Antonio’s started as a carryout pizzeria in the early ‘80s and has since evolved into a full-service restaurant. Today, they have an eclectic menu of pasta, seafood and seasonal dishes. Cataldo said the offerings include traditional southern Italian fare, inspired by his family roots in Calabria, as well as the staples of American-Italian cooking.
“All of our menu is made from scratch,” Cataldo said. “We grind our own sausage. We make our own sauces. Obviously, we make our own dough. We make our own bread for table bread.”
He says takeout pizza is about 50 percent of their business. The restaurant seats 120. They also have a seasonal outdoor space and a banquet room that accommodates 80 people.
In 2004, a food vendor invited Cataldo to a pizza competition they were hosting. He went and won. That year, he made the US Pizza Team and traveled to Italy to compete in the World Pizza Championship. That experience opened him up to a whole world of competition.
He’s competed across the US from New York to Texas. He’s competed in Italy four times, bringing home the “2017 Best Pan Pizza from North America” title at the in World Pizza Championship in Parma.
Around the time of his first competition in Italy, he struck up a friendship with 13-time World Pizza Champion Tony Gemignani. Gemignani recruited Cataldo to join is World Pizza Champions team.
The invitation-only group is a multinational crew of pizza professionals that, according to their website, “is united by the shared goal of setting an industry-wide standard of excellence in all aspects of the pizza maker’s art.”
The team of about 40 people show up together at events like the International Pizza Challenge, but they’re also a network of professionals in the highly competitive restaurant business.
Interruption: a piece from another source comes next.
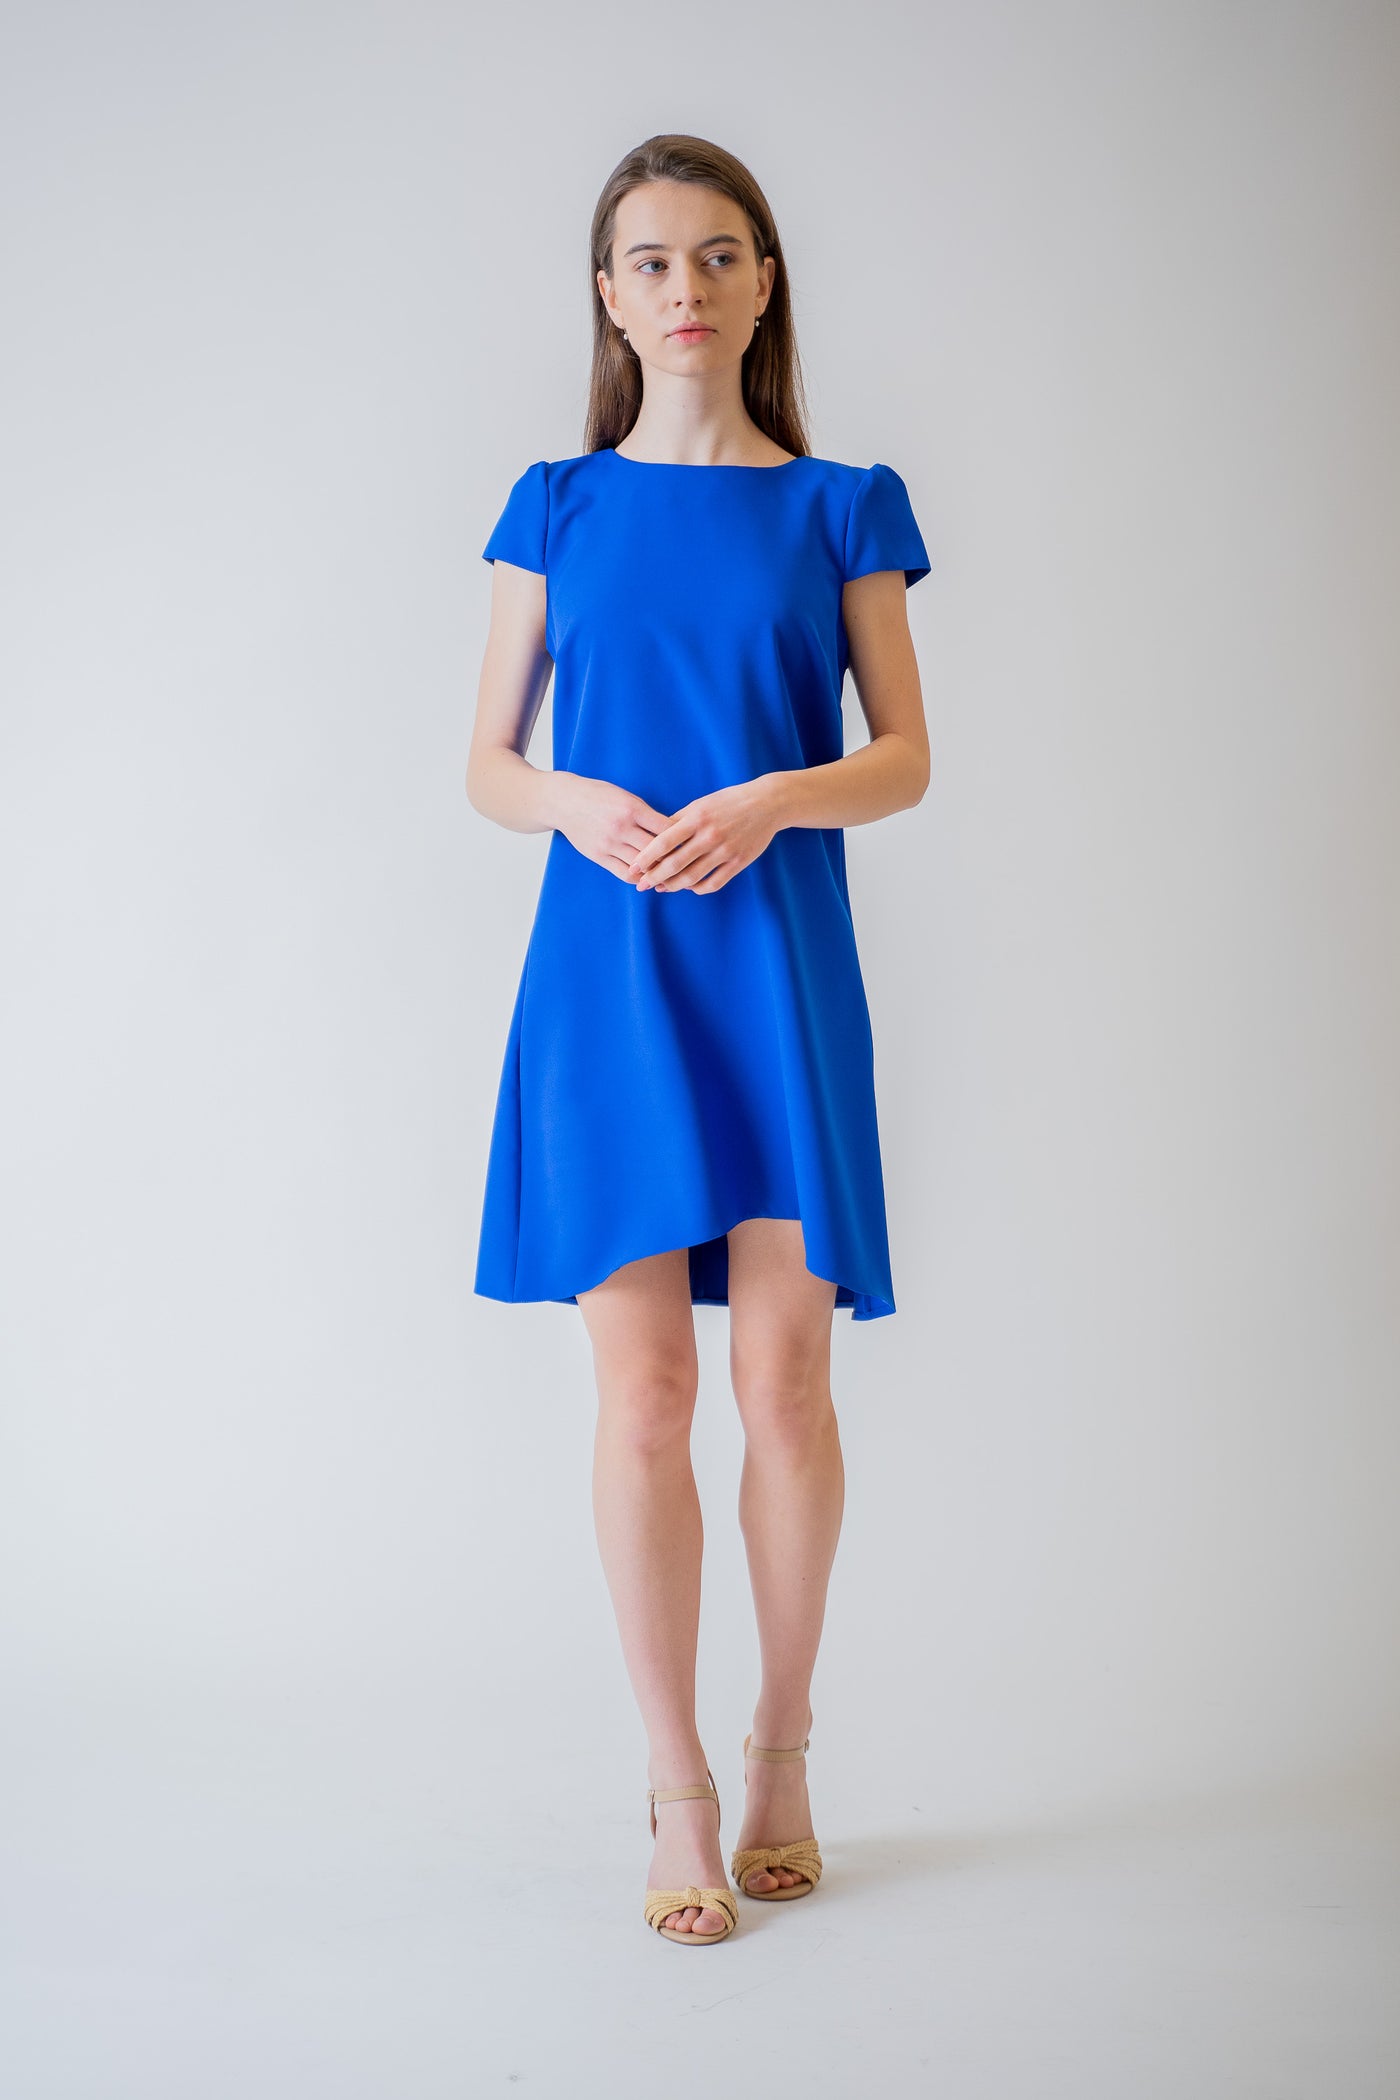 Krátke modré šaty - spoločenské šaty

“You share struggles, you share successes, you talk to pizzaiolos all over the United States,” Cataldo said of the team. “To be around people with the same mindset is unbelievable.”
Cataldo and his teammates will be back together for the World Pizza Championship in Parma from April 9 to 11.
Capitalizing on the trip abroad, Cataldo and his 14-year-old daughter will head to Italy a few days early to see the sights in Florence and Venice before meeting the World Pizza Champions in Rome. They’ll spend some time catching up with old friends and bonding with new members. Two days before the competition opens, they’ll travel to Parma, and shift their mindsets to competition mode.
Tucked away in Cataldo’s suitcase will be a carefully-packed plastic bag of Heritage High Gluten Flour. It’s the backbone of a pizza that’s all about the crust. He knows he’ll need it if he wants to translate his Vegas Fortuna (Italian for luck) into a win on an even bigger stage.
“Going into Italy, I know the Italians, the first thing they look at is the bottom of the crust. They look at the bake and they look at the crumb,” Cataldo said.
He intends to replicate his winning dough exactly. He’s changing the toppings from a pepperoni and sausage pizza to one inspired by the competition site. The simply-dubbed Parma pizza features salami, prosciutto, burrata and arugula. To get sweetness, Cataldo will add grapes and maybe some honey.
In Parma, Cataldo will be competing in the traditional category, which bans pans, requires a round shape and a red sauce. He’ll also be competing in the pan pizza and Roman-style categories. He plans to use the same dough in all three.
Cataldo guesses there were 200-300 competitors in Las Vegas. He thinks there will be 500-600 in Italy.
Cataldo says that in the back of his head he thought he’d win at Pizza Expo. He’s feeling equally hopeful for the next competition. One thing he knows for sure is that he has the recipe for success.